6 Raiders' tents are prosperous and God's provokers secure, who carry God in their hands.
7 But ask Behemoth, and he will teach you, the birds in the sky, and they will tell you;
8 or talk to earth, and it will teach you; the fish of the sea will recount it for you.
9 Among all these, who hasn't known that the LORD's hand did this?
10 In whose grasp is the life of every thing, the breath of every person?
11 Doesn't the ear test words and the palate taste food?
12 "In old age is wisdom; understanding in a long life."

God’s majesty

13 With him are wisdom and power; counsel and understanding are his.

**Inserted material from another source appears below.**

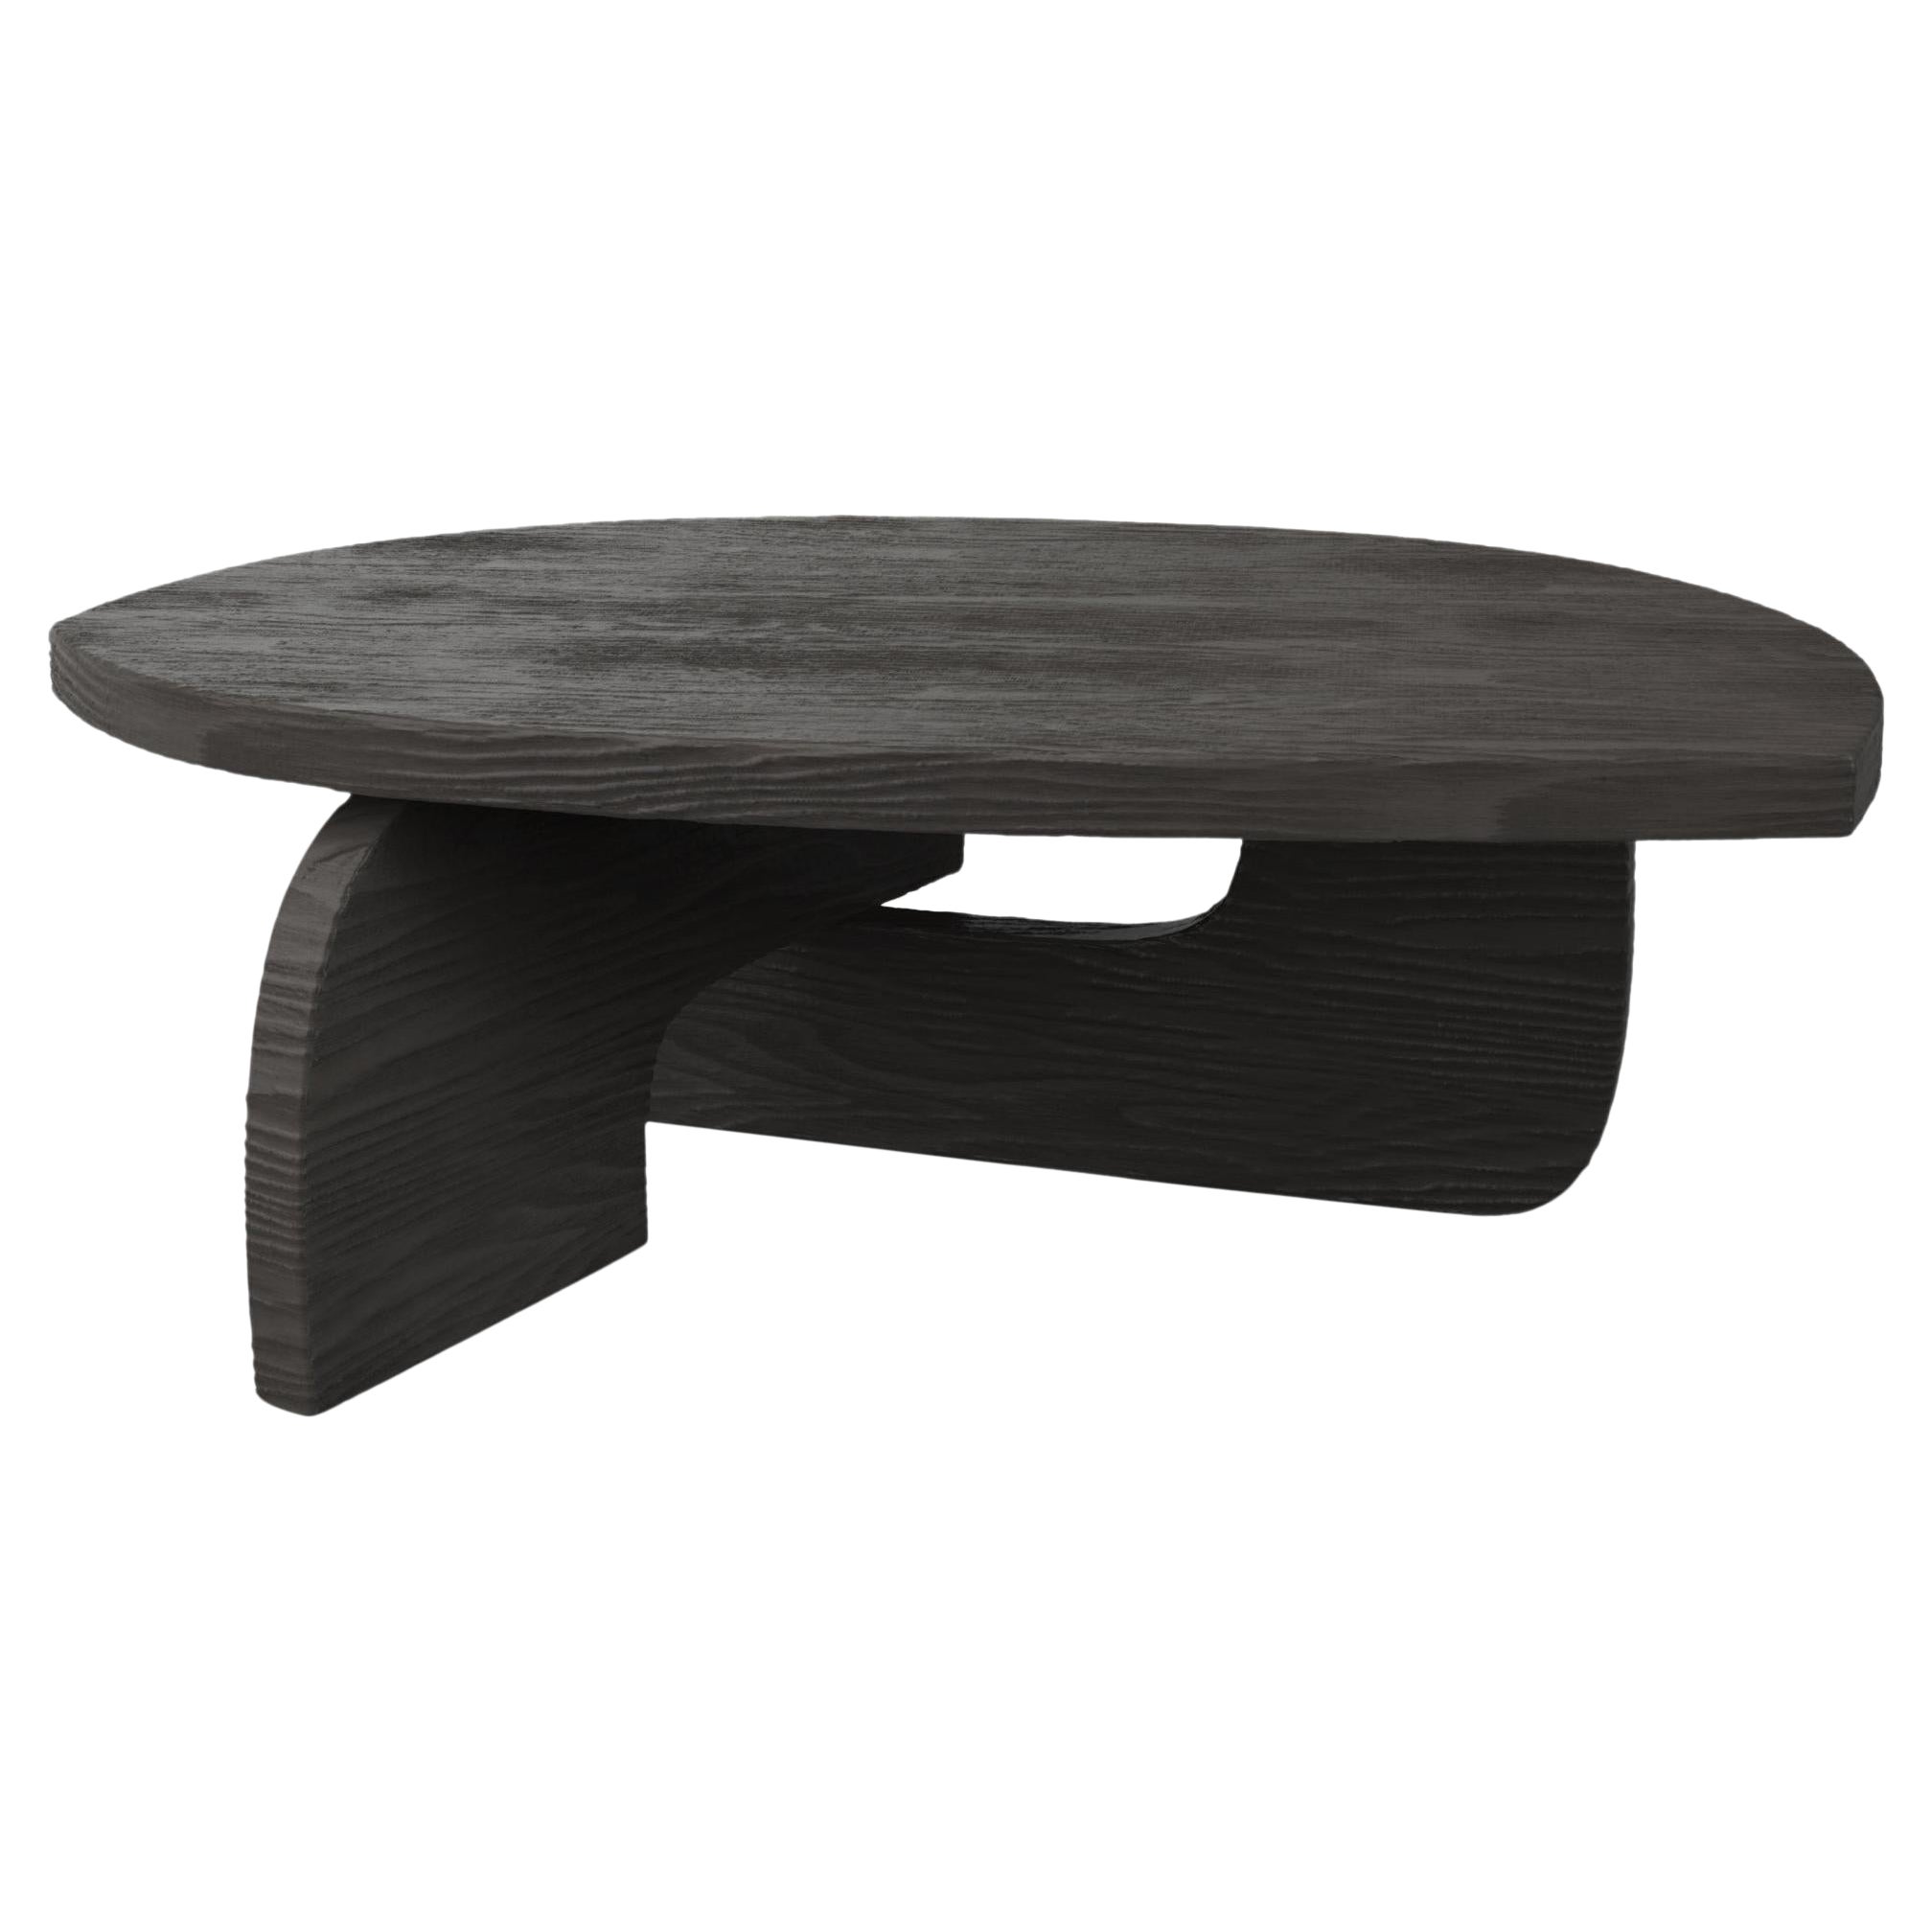 Reef V3 Low Table by Edizione Limitata For Sale

14 If he tears down, it can't be rebuilt; if he ties a person up, he can't be set free.
15 If he restricts water, they have drought; if he lets it loose, it overturns the land.

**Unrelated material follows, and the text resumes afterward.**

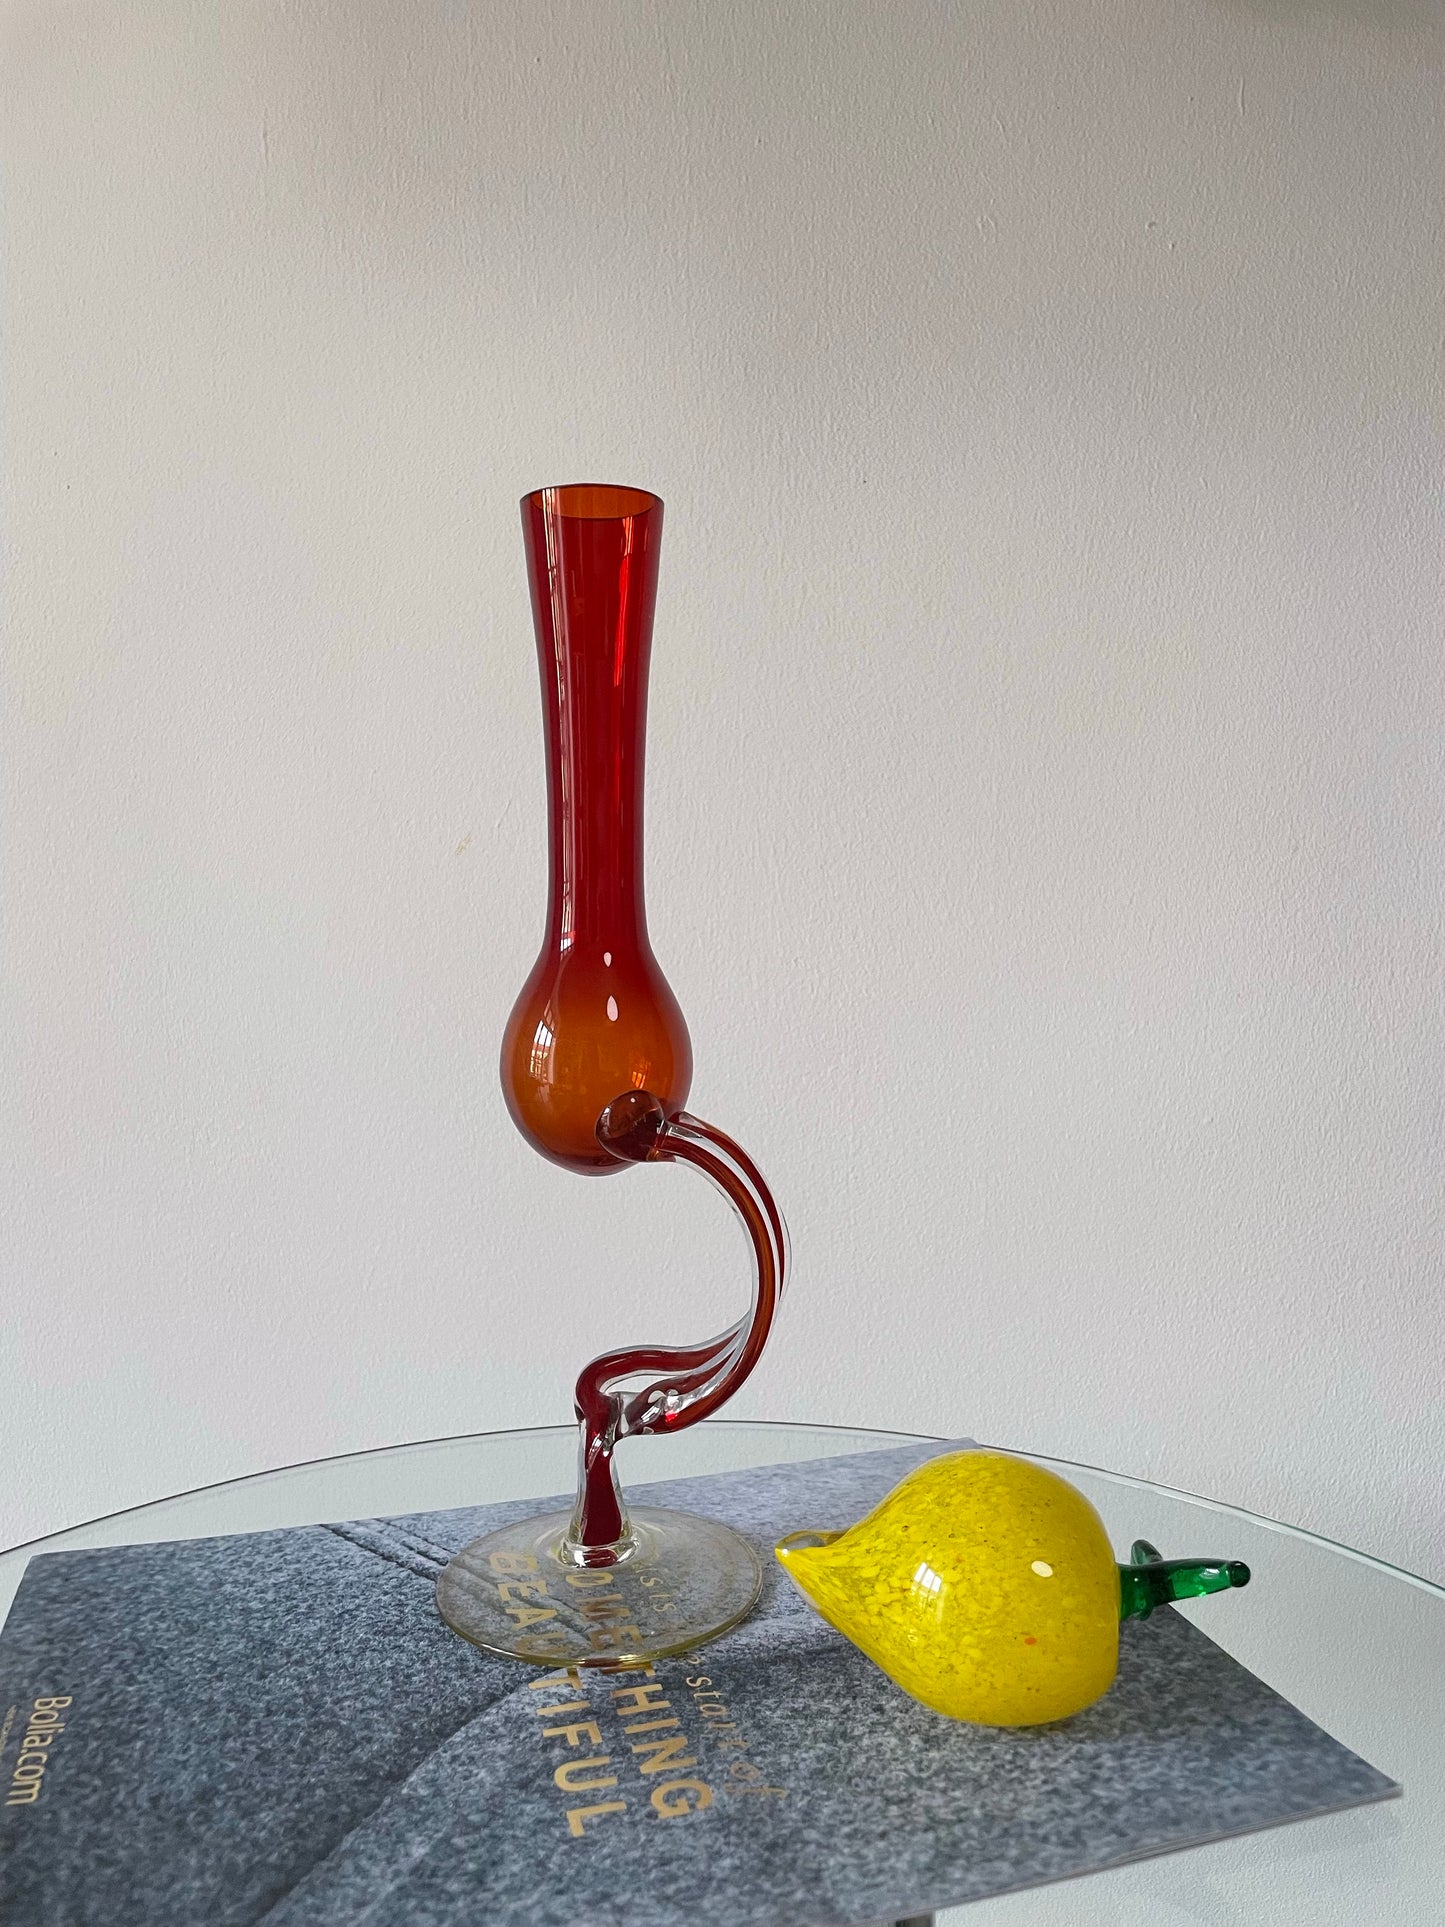 Quirky flask vase

16 With him are might and success; the deceiver and the deceived are his.
17 He leads advisors away barefoot; makes madmen of judges;
18 unties the belt of kings, binds a garment around their loins;
19 leads priests away barefoot; overthrows the well-established;
20 silences the talk of trusted people; takes away elders' discernment;
21 pours contempt on royalty; loosens the belt of the strong;
22 discloses deep secrets of darkness, makes utter darkness enter the light;
23 makes nations prominent and destroys them, expands nations and leads them astray;
24 takes away the power to think from earth's leaders, making them wander in untraveled wastelands.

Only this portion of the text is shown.